I was given a solid foundation in science.

But I could only realize my dream of stardom after moving to New Zealand. Only New Zealand could recognize my natural talents. I appeared in an episode of the long-running soap opera, Shortland Street, as “Man completely obscured behind intentionally placed segment of gypsum board.” Then, of course, there was my one-episode stint as “Retail-level Value-added Grain Merchant” in the critically acclaimed series Spartacus: Blood and Sand. And then there was…No, that’s it.

Yeah, so. On second thought, it hasn’t been an illustrious career—or any kind of career. It was more like a colossally ignominious waste of everyone’s time, which happens to be the heading under which you will find my resume on IMDB.

Which brings me back to last week’s tv commercial audition.
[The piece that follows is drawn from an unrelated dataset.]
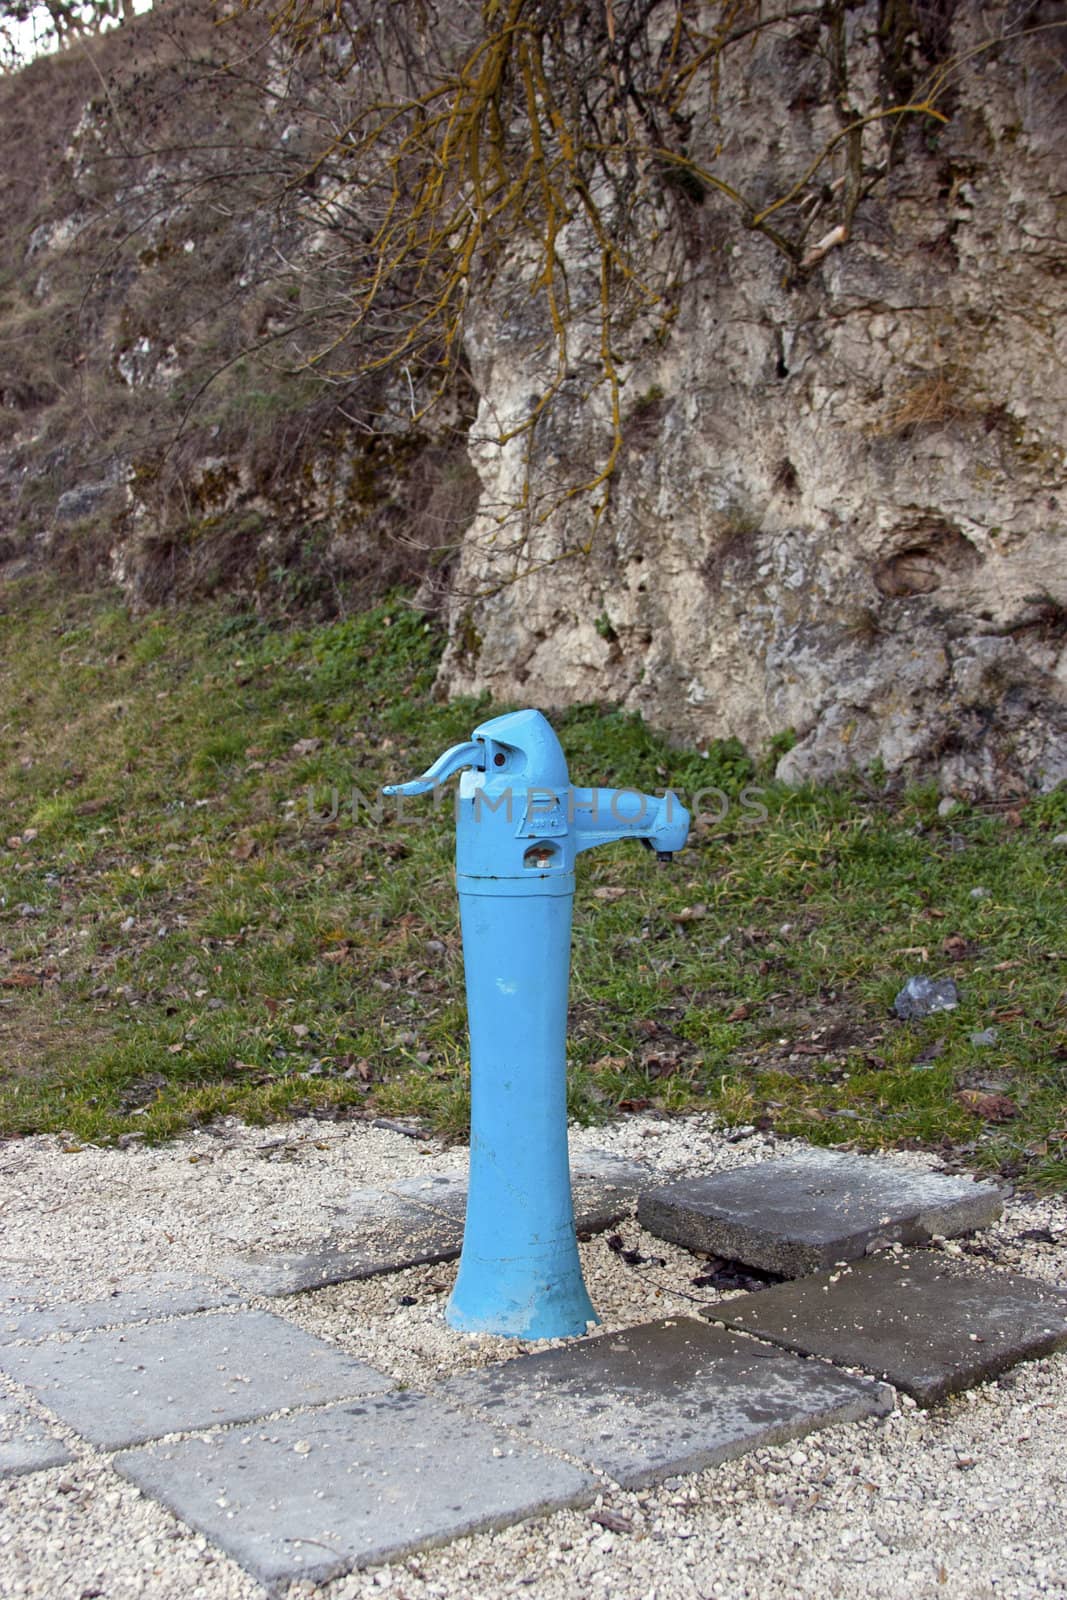 A typical blue street fountain in a park

I had pretty much told my agency when I started my new job that I couldn’t go on any more cattle calls. And for the most part, they haven’t called me, just like when I was going on auditions. Then last week, the agency insisted that I go out for this television commercial.

“It’s worth a lot of money,” the agent said.

“I have a full-time job now.”

“Come on, buddy,” the agent said. By adopting a familiar tone, she was winning my trust. “You’re perfect for this role.”

“So they asked specifically for a paunchy, thin-haired, ineffectual-looking boob with a distorted face?”

“Yes. You’re the first one that came to mind, buddy.”

I didn’t say anything, but I have to admit, I like being called buddy. One of my hind legs began to twitch.

“They really want you,” the agent said. “Because of all the work you’ve done in the industry.”

This is where the agent lost me. I had to wonder if she knew who was on the phone with her. What work “in the industry” had I done, besides irritate Lucy Lawless with my incoherent blathering about how bad the bagels were at the craft services table? And hadn’t this agent read over my CV?

But then, by “industry” maybe she meant the “adult entertainment sector.” Could this agent have known about the work I’d done under the pseudonym I took using the porn-star naming convention (ie, your first name is the name of your first pet, and your last name is the name of the street you lived on when you were five years old.)

“My work in the industry?” I said. “You mean they’ve seen the movies of Trip I-95-Service-Road-North?”

How to Get Through the Coming Winter

New Zealand’s winter is over. Those seven months really flew by, thanks to activities (and activity-related activities), which made the time go faster.

Northern hemisphereans should start thinking of fun things to do when their winter arrives. New Zealanders plan winter activities early in autumn, a habit northern peoples are wise to adopt.

To begin planning, take time over the next few weeks to answer these key questions:

  • What are my fun-time winter activities?
  • How many hours should I set aside for each fun-time winter activity?
  • Will I need to prioritize or will there be ample time and opportunity to do all my winter activities before spring begins?

If you have trouble answering these questions at first, don’t worry. Just imagine yourself doing all your favorite warm weather activities, except now you’re wearing a coat. Many examples may come to mind, so unfortunately, you probably will have to prioritize.

Here’s how. Write the numbers 1 through 5 down the left side of a blank piece of paper. Then quickly jot down a winter activity next to each number as the activities come to mind. Chances are you’ll end up with your top five favorite fun-time winter activities, from most favorite to least, because the more favored the activity the sooner you’ll have jotted it down.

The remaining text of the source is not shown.